## Saturday, March 16, 2013

### SPOJ Problem Set (Classical) 10582. Subarrays

This was also one of the problems I was asked on my recent interview with Google. Problem is a simple one for segment tree based algorithm. The solution basically requires us to maintain a Range Maximum Query (RMQ) algorithm, and I implemented this using segment tree.

Given, there are N items and a window of size K, we have to find the maximum item in each K sized window. First, we insert the first K items in the RMQ, so the segment tree root now knows the maximum item at this stage. Now if you observe you will see, for the (k+1)th item, 1st item will be removed from the tree and (k+1)th item will be inserted. This can be done by inserting (k+1)th item at the position of 1st item.
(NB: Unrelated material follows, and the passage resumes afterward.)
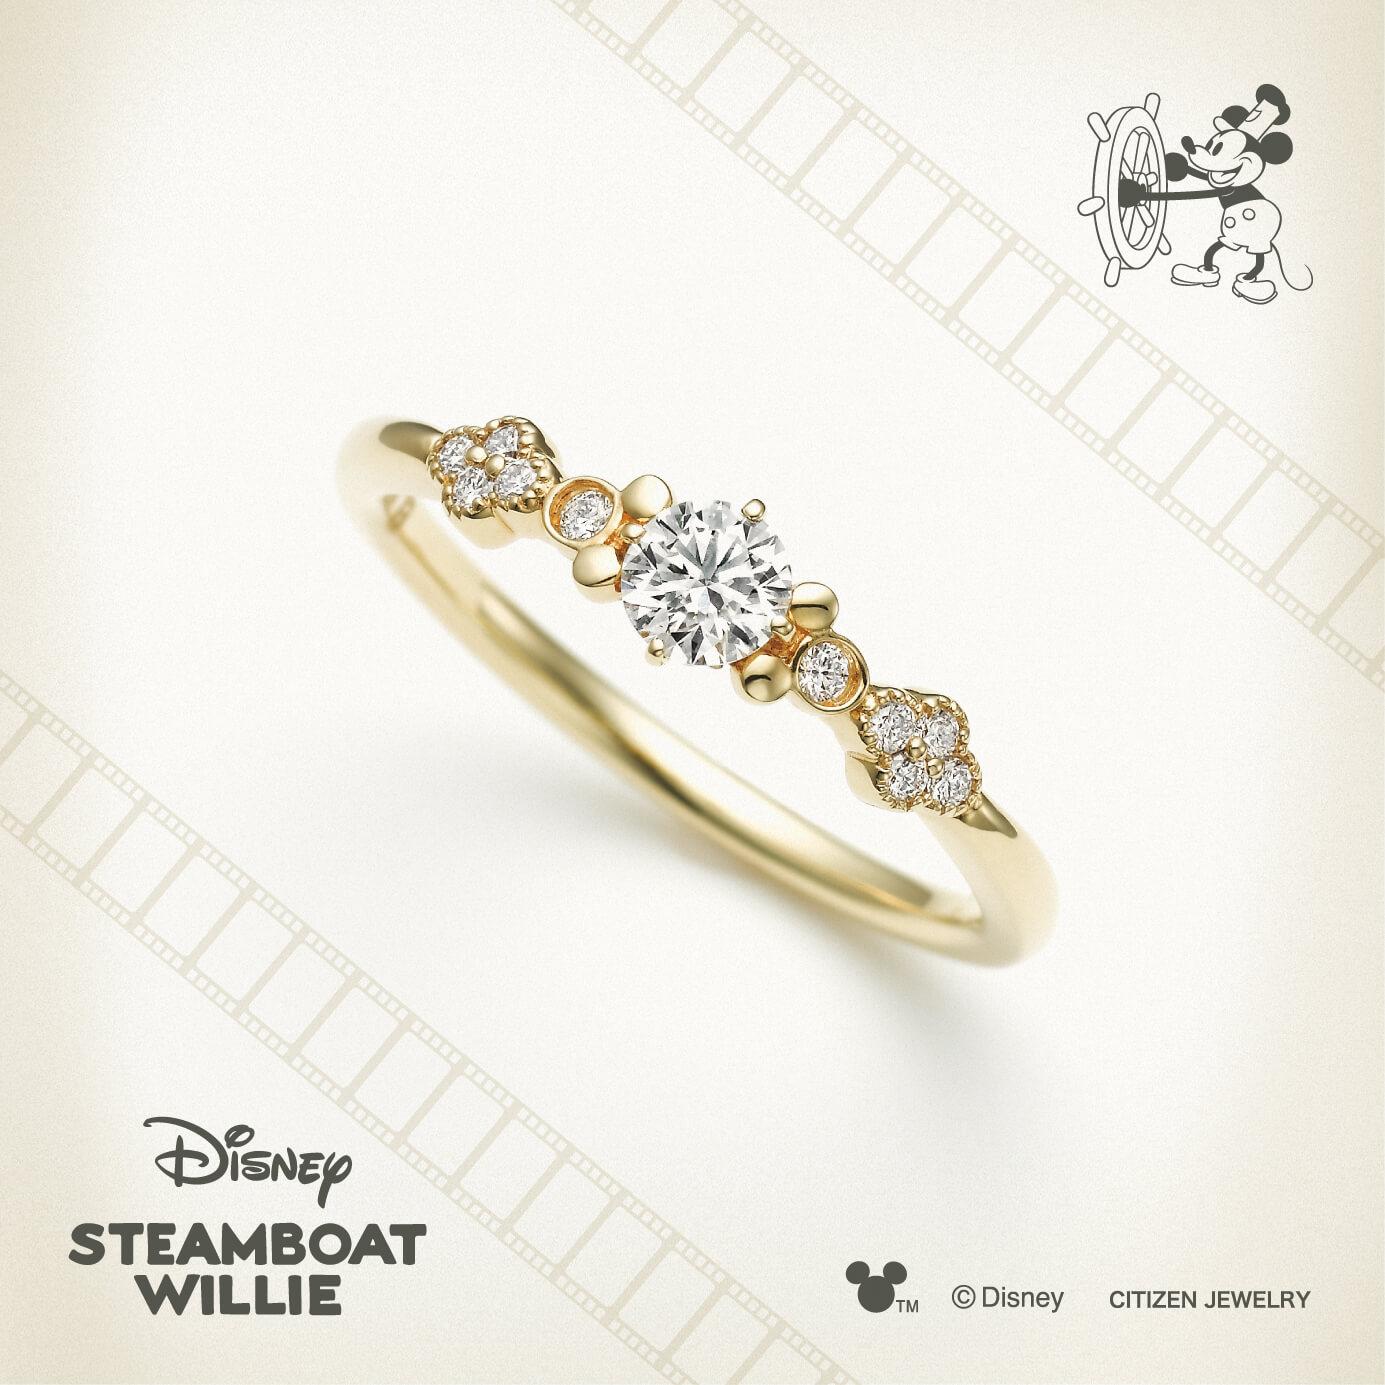 銀座・柏・直方の婚約指輪Disney STEAMBOAT WILLIE(ディズニースチームボートウィリー)_01

Because for (k+1)th item, 1st item is in the oldest position. And clearly, for each of the next items, we can just insert it in the current oldest position on the K sized window. so (k+1) will be inserted at index 1, (k+2) at 2, (k+3) at 3 ... (2k) at k, (2k+1) at 1, (2k+2) at 2 and so on. So all we need is to keep inserting the items in the RMQ in a circular fashion and each time taking the updated range maximum value.

So, basically the structure of the code is:

```for(i = 0; i < k; i++) insert(root, 0, k-1, item[i]);
output Tree[root];
for(; i < n; i++) {
insert(root, 0, k-1, item[i % k]);
output Tree[root];
}
// considering item indexes to be 0 based in code
// insert is the function that inserts an item on a specific index in the RMQ tree
```
So, once you write down the RMQ function insert, you are pretty much done with it. Happy coding!